The guidance is part of Mr Khan’s plans to make London a zero-carbon city within the next ten years and offers practical advice on how to do it.
He said: “I’m committed to delivering a brighter future for London – one that’s greener, fairer and more prosperous for everyone.”
Mr Khan said it was vital London adapted to the impacts of a changing climate, including the increased risk of flooding and overheating.
The guidance requires developers to monitor and report the operational energy performance of major developments for at least five years post-construction. The mayor sees this as a critical step in moving to net zero-carbon buildings.
They must also calculate their urban greening score with initiatives such as green roofs, rain gardens and flower-rich gardens gaining higher points for being a big benefit for the natural environment.
The guidance also offers advice for London councils in setting their targets which are particularly aimed at boroughs deficient of green spaces and features.
Making room for sustainable transport is key
Fostering sustainable transport for new developments also forms part of the guidance. The mayor wants to see space devoted to new walking routes and cycle networks. Enough room for public transport infrastructure such as bus garages, rail depots and tram stops is also required.

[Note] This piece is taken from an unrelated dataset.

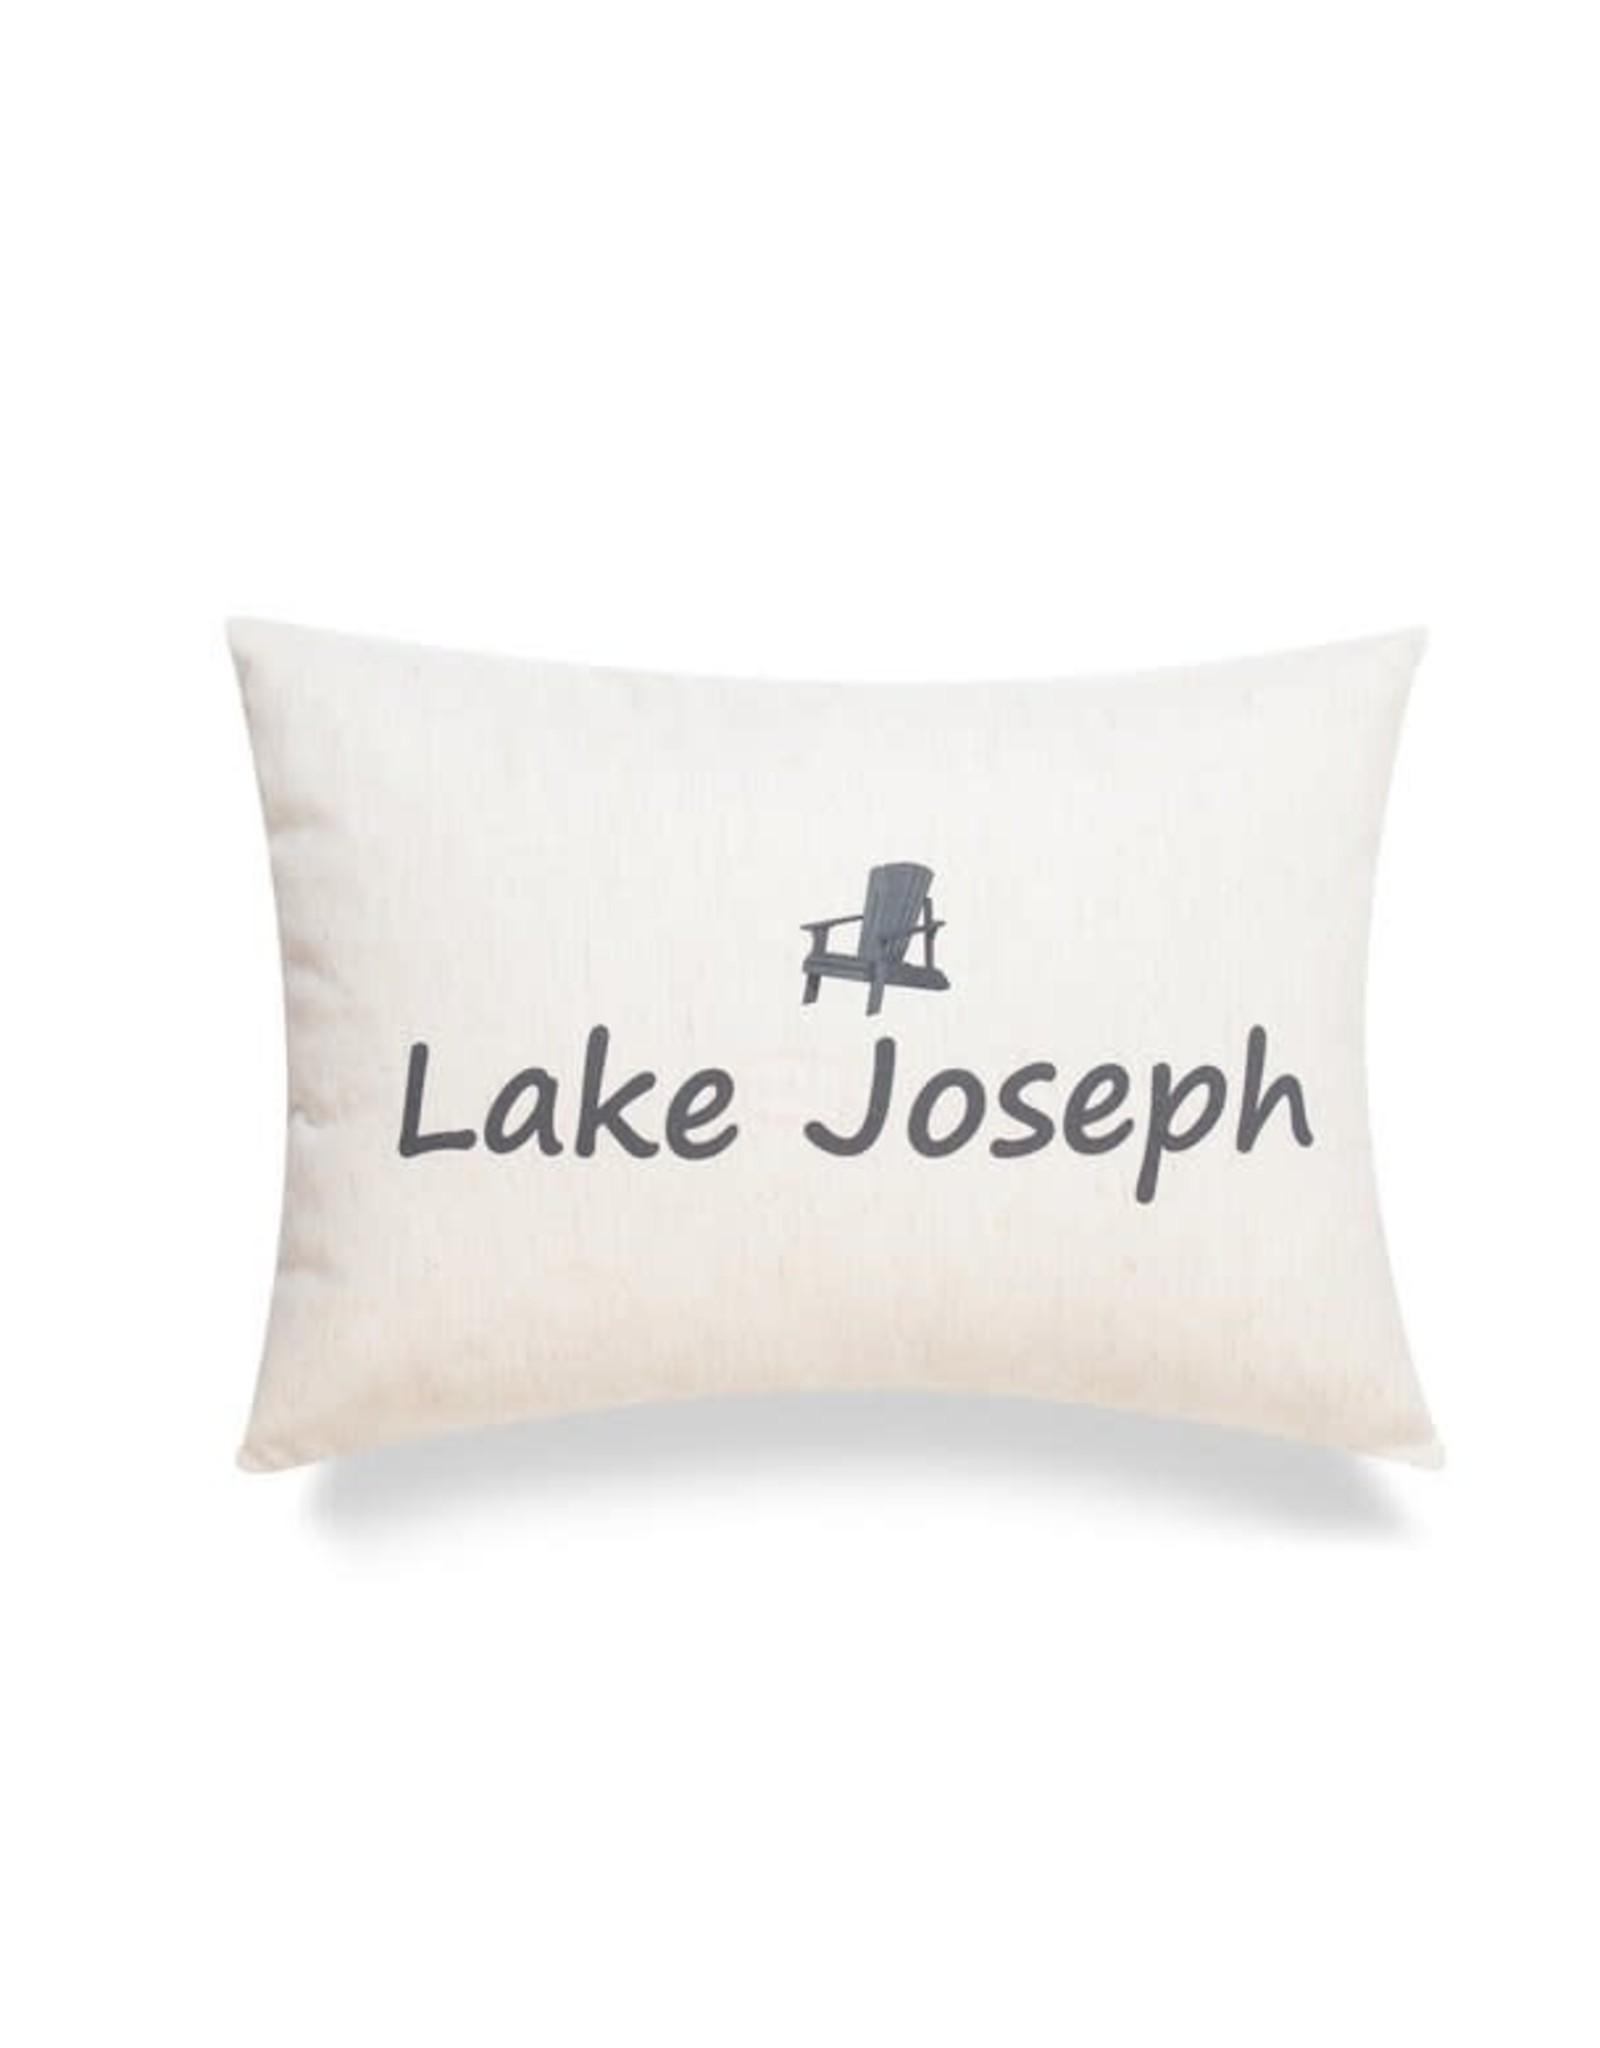 TCE Lumbar Pillow - Lake Joseph

The sustainable transport, walking and cycling London plan guidance offers developers and boroughs advice about how to achieve this when proposing new schemes and drawing up local plans.
Brokers Hank Zarihs Associates said development finance lenders were keen to fund proposed London projects with strong green credentials.
The Greater London Authority, GLA, has halved its projected housing starts on its own land over the next two years due to construction market ‘turbulence’.
Its latest housing delivery report projects 3,500 starts on land owned by its bodies in 2021-22 and 2022-23, down from the 7,311 forecast in its March report.
Mr Khan has commissioned an independent review led by Lord Bob Kerslake to see how the GLA can improve and streamline housing development. The review’s final report is expected in early 2022.